The discussion reportedly proceeded respectfully and without incident, but at the end of the session, a Sudanese-American student named Aram Wedatalla, president of the university’s Muslim Student Association (MSA), stayed to voice her discomfort to López Prater. Afterward, evidently feeling that their discussion had not been productive, Wedatalla complained to the university administration. While the administration initially seemed supportive of López Prater and told her she acted properly, complaints from other students—who had not been in the class—quickly brought about a reversal. By the end of October, López Prater was informed that her contract would not be renewed.
Meanwhile, as the controversy grew, the rhetoric from school administrators and activist students transformed the incident in the art class into a repugnant assault on Muslim students.

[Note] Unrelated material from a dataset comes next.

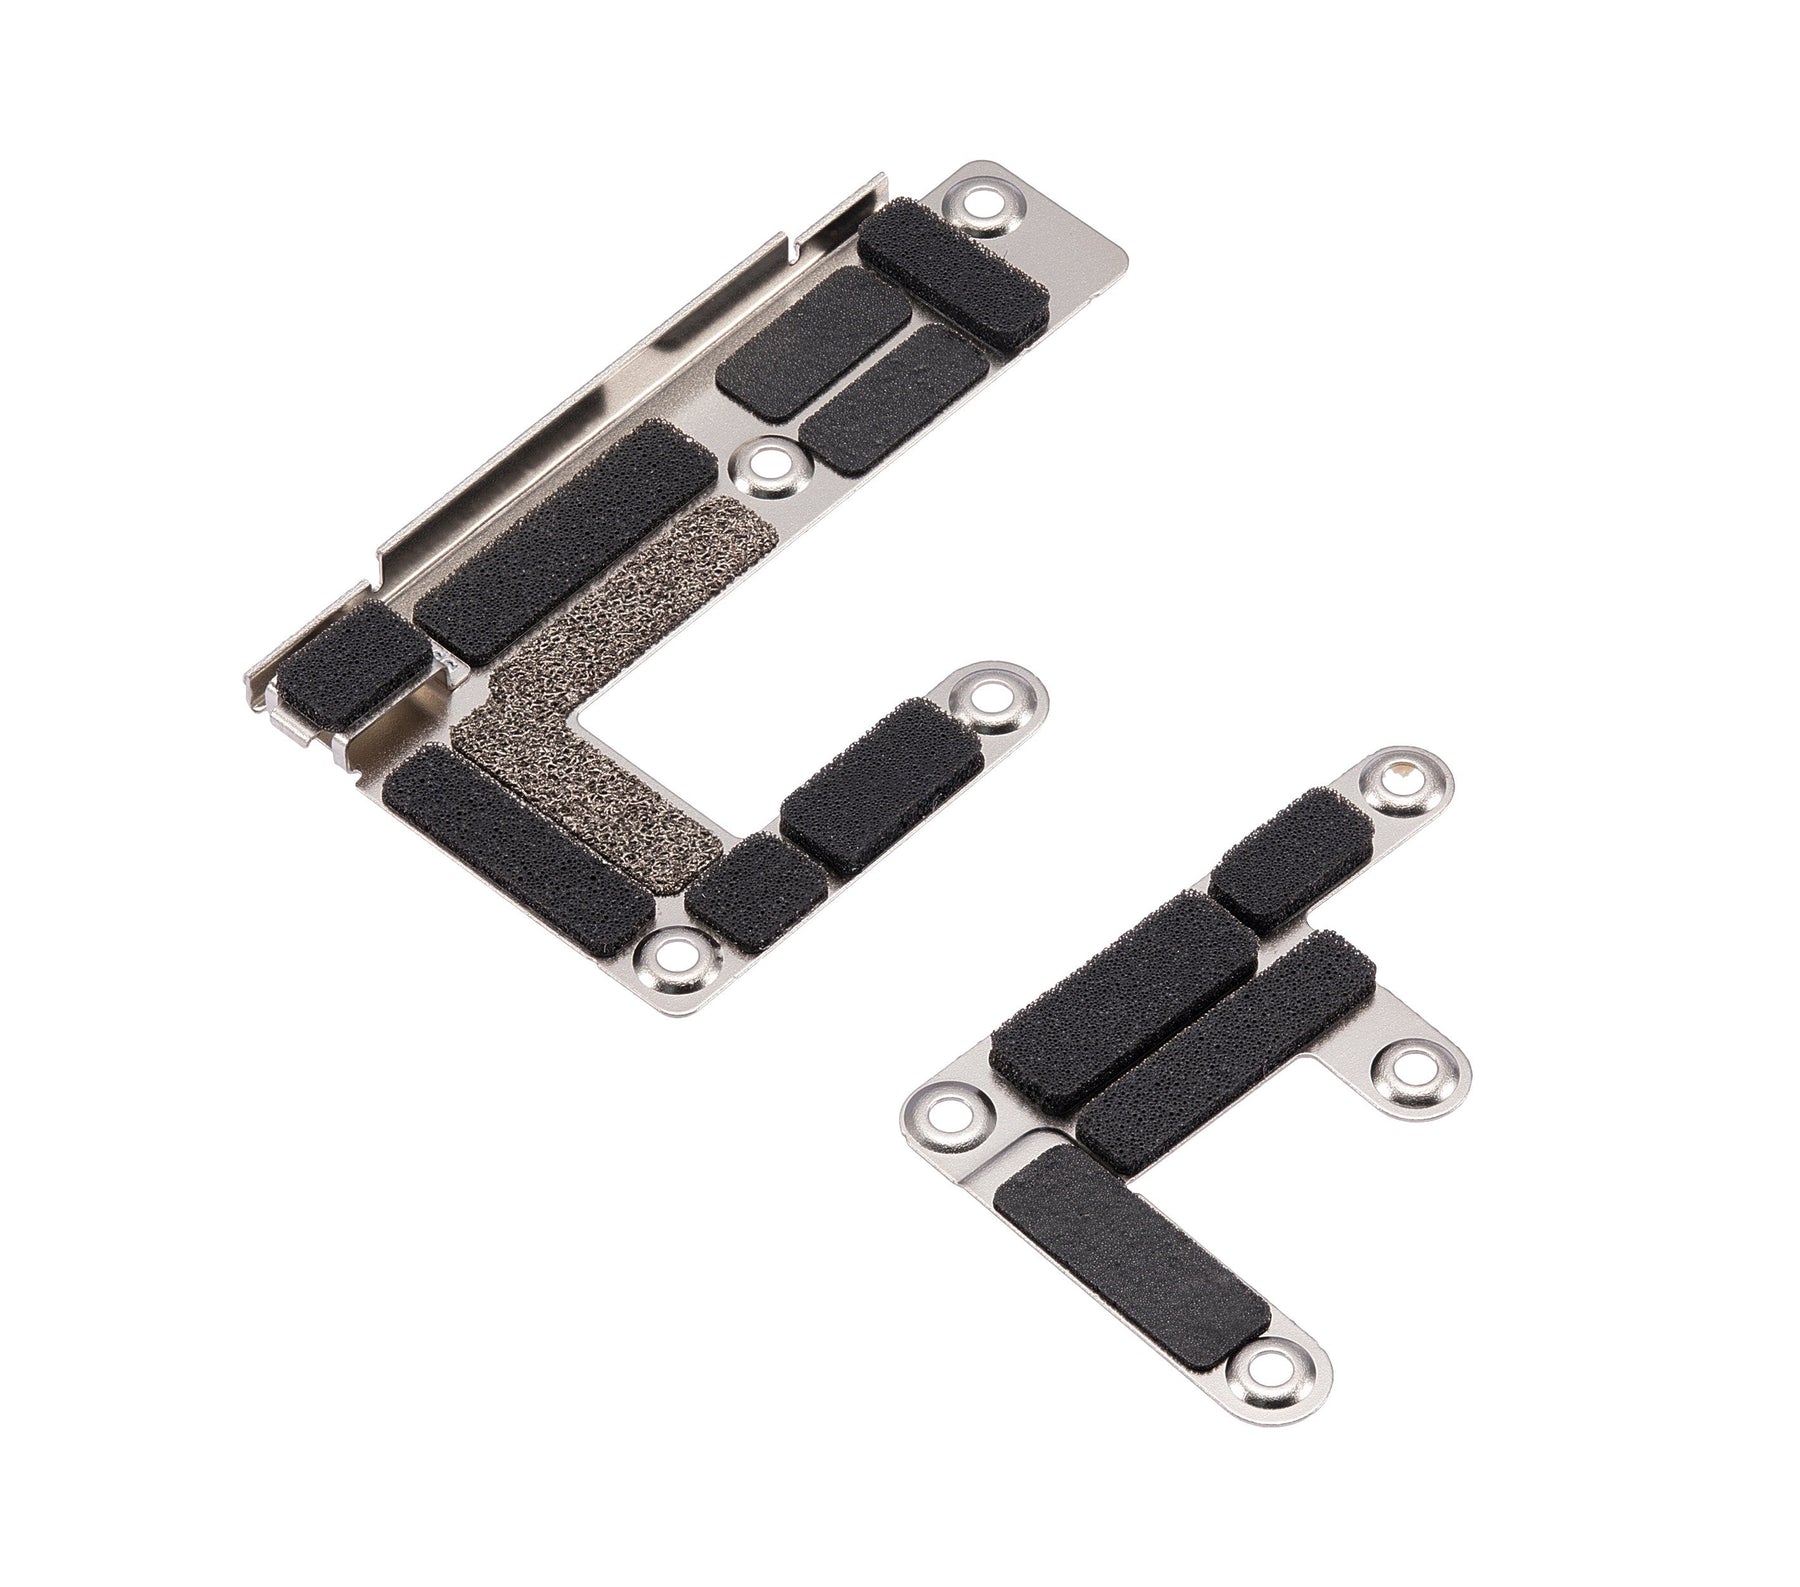 SMALL METAL BRACKET (ON MOTHERBOARD) COMPATIBLE WITH IPHONE 12 MINII

A November 7 mass email from the school’s “vice president for inclusive excellence” called it “undeniably inconsiderate, disrespectful and Islamophobic,” while a November 18 editorial in the Hamline student paper, the Oracle, classified it as an incident of “hate and discrimination.” Nur Mood, Hamline’s assistant director of social justice programs and adviser to the campus MSA, told the Oracle, “It’s something that in a million years, I never expected that it would happen here at Hamline. I hope this is the last time I see something similar to this. . . . There’s a lot of apologies all happening, but the harm’s done.” He also proposed mandatory training on Islamophobia for all faculty. Seemingly the only concession was that the school concluded that López Prater’s actions amounted merely to “an act of intolerance” rather than an actual hate crime.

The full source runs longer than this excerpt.